Cautious optimism about next year's pay round

Jul 25 2008 by Nic Paton Print This Article

With soaring food and fuel prices hitting wallets daily, the housing market and wider economy slumping and dire predictions of mass redundancies, it's perhaps not surprising many U.S workers are nervous about the future.

Yet, with Swiss bank Credit Suisse beating its own financial forecasts yesterday, so raising hopes that the worst of the credit crunch may finally be behind us and now research by consultancy Watson Wyatt suggested there is unlikely to be a freeze on pay bonuses next year, the picture is perhaps less black than it might at first seem.

The Watson Wyatt poll of nearly 1,400 employers, and 276 from the U.S, found that most U.S firms were planning to give workers merit increases of 3.5 per cent on average next year, identical to those received this year and only slightly below the 3.6 per cent for 2007.

Companies were also planning to provide larger raises to their better-performing employees, with those whose performance ratings exceeded expectations likely to receive an average merit increase of 4.2 per cent.

The highest performers could even be pocketing increases of 6 per cent or more, it added.

Nevertheless, it was not all good news. Half of the firms polled warned that if the downturn continued they might have to start laying people off, with four out of 10 saying their response would be to freeze hiring.

A quarter said they would have to squeeze pay raises and 13 per cent said salary freezes would be their most common response.

"The economy is no doubt taking its toll on workers, but their 2009 merit increases appear safe — at least for now," said Laura Sejen, global director of strategic rewards consulting at Watson Wyatt.

"Employees will view holding merit increase budgets steady as a positive sign that will help them offset inflation and higher energy and food costs," she added.

But it was also clear the economic slowdown was having an effect on companies worldwide, and not just in the U.S.

"If economic conditions continue to weaken, we would expect to see many companies begin to evaluate their staffing levels, pay programs and overall organizational structures and to implement some of their contingency plans," said Sejen.

And it is firms across the water, in the UK, that appear to be among those being hardest hit, research from consultancy KPMG has suggested.

The impact of the credit crunch is hitting UK-headquartered companies much harder than their U.S peers, its study has suggested.

Far more UK companies are experiencing delayed payments from customers, reduced access to credit, increased financing costs and suppliers demanding earlier payment, compared with their U.S counterparts, it argued.

"Given that the credit crunch began in the U.S, it is interesting – and perhaps surprising – to see that UK companies are feeling the pinch more than their transatlantic counterparts," warned Andrew Ashby, director in KPMG Advisory.

"This may be because stakeholders such as banks, shareholders and non-executive directors are being more proactive forcing UK companies to take action before they get into difficulty," he added.

KPMG asked 342 companies with revenues ranging from £250m to more than £20bn about how the credit crisis was affecting their management of working capital.
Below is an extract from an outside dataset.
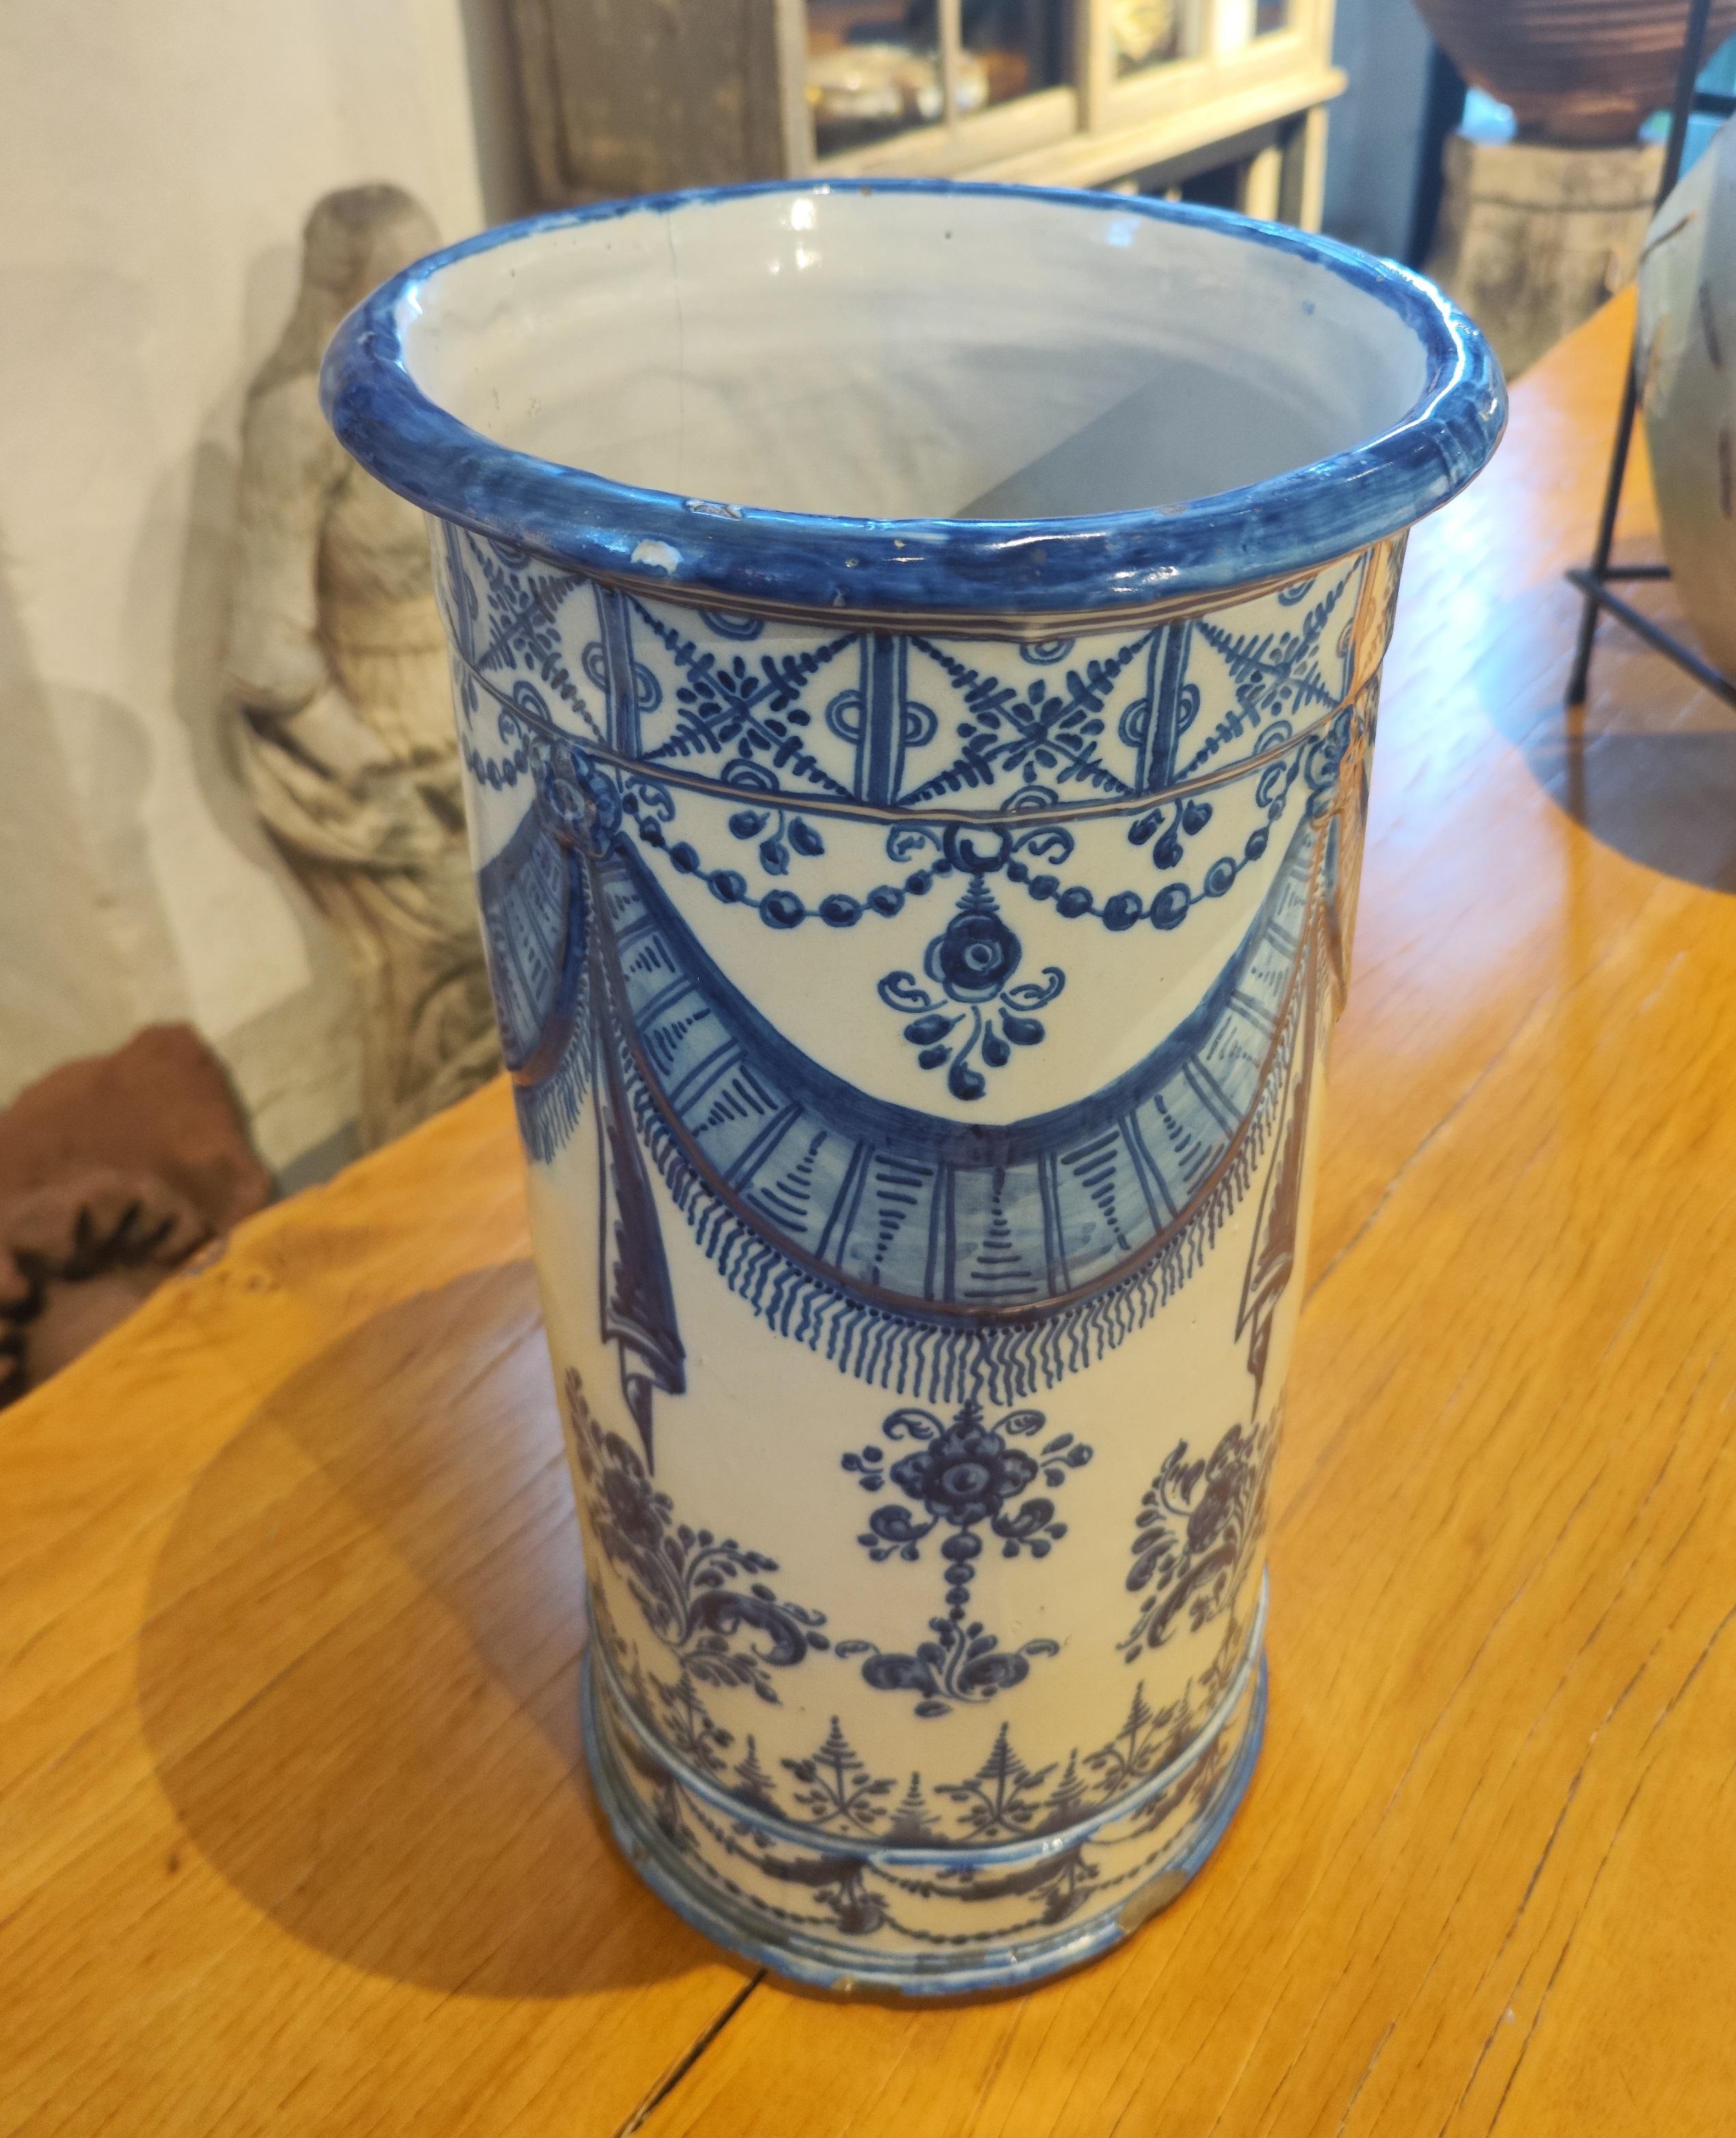 Ceramica de Talavera firmada en la base con decoracion en tono azul y blanco de guirnaldas y flores . Firmado en la parte inferior Talavera, España y el numero 383

When asked how they planned to address these cash flow challenges, nearly half said they planned to negotiate longer supplier payment terms, while 46 per cent said they would tighten credit lines to customers.

But such traditional, knee-jerk responses risked making matters worse for all but a handful of firms, Ashby warned.

"Adopting the same old blinkered approach of squeezing your suppliers and delaying payments is a zero-sum game where only few winners will emerge," he said.

"Companies need to be more focused on gaining improved visibility and control of cash and to work smarter across the supply chain to create win-win opportunities that reduce the cash cycle for all participants," he added.

Three quarters of UK companies said they were experiencing delayed payment from customers, against less than a quarter in the U.S.

It was a similar story when it came to reduced access to credit – with three quarters of UK firms and just 14 per cent of US firms reporting it as a problem.

Seven out of 10 UK firms were reporting an increased cost of credit, against fewer than a fifth in the U.S.

Nearly three quarters of UK suppliers were now demanding early payment, compared with just 12 per cent of those in the US, the KPMG poll found.

Nearly nine out of 10 UK companies expected they would have to to delay or revisit refinancing plans in the next 24 months, and nearly half were worried the economic environment would result in increased exposure to bad debt.

But one bright spot was that just four per cent planned to reduce capital expenditure over the next two years as a result of tightening credit market, compared with half of those in the U.S.

"By gaining visibility and control of cash flows, companies will be able to identify the areas where they can generate more cash," said Ashby.

"While working capital tends to be a large area of opportunity companies should also look at cash generation from tax, treasury and other assets on the balance sheet. To drive sustainable improvement, leading companies embed cash management into the strategic decision-making process," he added.

"One way to do this is for companies to incentivise executives to manage cash flow better. Those that do have fared better over the past three years and expect to suffer less in the future," he concluded.